[Extracted records]
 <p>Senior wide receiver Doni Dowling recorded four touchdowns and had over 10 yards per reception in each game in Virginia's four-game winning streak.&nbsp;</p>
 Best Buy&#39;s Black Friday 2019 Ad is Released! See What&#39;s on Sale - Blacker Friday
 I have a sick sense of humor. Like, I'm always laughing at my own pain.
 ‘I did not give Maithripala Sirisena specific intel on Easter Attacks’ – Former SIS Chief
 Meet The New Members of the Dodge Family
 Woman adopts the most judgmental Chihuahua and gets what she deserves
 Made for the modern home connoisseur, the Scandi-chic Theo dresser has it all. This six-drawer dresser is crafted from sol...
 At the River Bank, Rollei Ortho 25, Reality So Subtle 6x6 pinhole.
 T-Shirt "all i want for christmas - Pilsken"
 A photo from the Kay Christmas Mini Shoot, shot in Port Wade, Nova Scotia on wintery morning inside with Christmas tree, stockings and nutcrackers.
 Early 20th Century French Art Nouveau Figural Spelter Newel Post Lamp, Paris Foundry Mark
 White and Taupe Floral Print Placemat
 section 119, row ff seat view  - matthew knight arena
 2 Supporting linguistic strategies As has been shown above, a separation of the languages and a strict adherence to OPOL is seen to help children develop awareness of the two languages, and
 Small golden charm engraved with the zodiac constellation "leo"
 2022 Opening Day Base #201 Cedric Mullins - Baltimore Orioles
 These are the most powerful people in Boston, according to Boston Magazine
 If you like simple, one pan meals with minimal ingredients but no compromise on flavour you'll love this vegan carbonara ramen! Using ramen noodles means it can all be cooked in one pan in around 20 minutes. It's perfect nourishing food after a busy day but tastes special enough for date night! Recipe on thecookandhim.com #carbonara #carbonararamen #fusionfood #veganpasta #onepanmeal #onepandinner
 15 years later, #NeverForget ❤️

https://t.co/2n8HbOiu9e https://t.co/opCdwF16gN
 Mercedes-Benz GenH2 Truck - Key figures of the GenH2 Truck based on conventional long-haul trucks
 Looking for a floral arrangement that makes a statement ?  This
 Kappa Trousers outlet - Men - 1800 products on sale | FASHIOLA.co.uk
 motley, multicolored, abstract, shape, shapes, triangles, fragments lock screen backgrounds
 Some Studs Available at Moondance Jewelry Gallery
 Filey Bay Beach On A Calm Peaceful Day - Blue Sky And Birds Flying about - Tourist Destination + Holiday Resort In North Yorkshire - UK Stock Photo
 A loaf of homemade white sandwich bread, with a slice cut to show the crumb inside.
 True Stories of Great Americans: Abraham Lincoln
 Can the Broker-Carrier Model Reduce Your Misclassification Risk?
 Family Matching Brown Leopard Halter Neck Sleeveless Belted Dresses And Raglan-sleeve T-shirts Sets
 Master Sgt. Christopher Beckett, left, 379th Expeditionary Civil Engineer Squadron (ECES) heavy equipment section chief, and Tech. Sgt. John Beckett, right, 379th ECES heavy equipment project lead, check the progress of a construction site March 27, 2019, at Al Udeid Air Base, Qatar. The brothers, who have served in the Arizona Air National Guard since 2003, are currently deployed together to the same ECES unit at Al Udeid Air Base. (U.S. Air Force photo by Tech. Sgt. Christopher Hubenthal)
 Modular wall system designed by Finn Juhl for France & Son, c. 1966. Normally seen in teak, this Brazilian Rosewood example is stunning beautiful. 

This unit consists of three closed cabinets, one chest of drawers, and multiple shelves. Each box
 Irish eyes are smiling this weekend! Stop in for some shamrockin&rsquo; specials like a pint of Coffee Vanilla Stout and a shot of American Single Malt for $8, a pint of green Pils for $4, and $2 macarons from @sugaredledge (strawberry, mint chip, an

--- Work task ---
Retype the portion of the data above that starts on the line with "White and Taupe Floral Print Placemat" and finishes on the line with "These are the", including both of those lines.

--- Completed task ---
 White and Taupe Floral Print Placemat
 section 119, row ff seat view  - matthew knight arena
 2 Supporting linguistic strategies As has been shown above, a separation of the languages and a strict adherence to OPOL is seen to help children develop awareness of the two languages, and
 Small golden charm engraved with the zodiac constellation "leo"
 2022 Opening Day Base #201 Cedric Mullins - Baltimore Orioles
 These are the most powerful people in Boston, according to Boston Magazine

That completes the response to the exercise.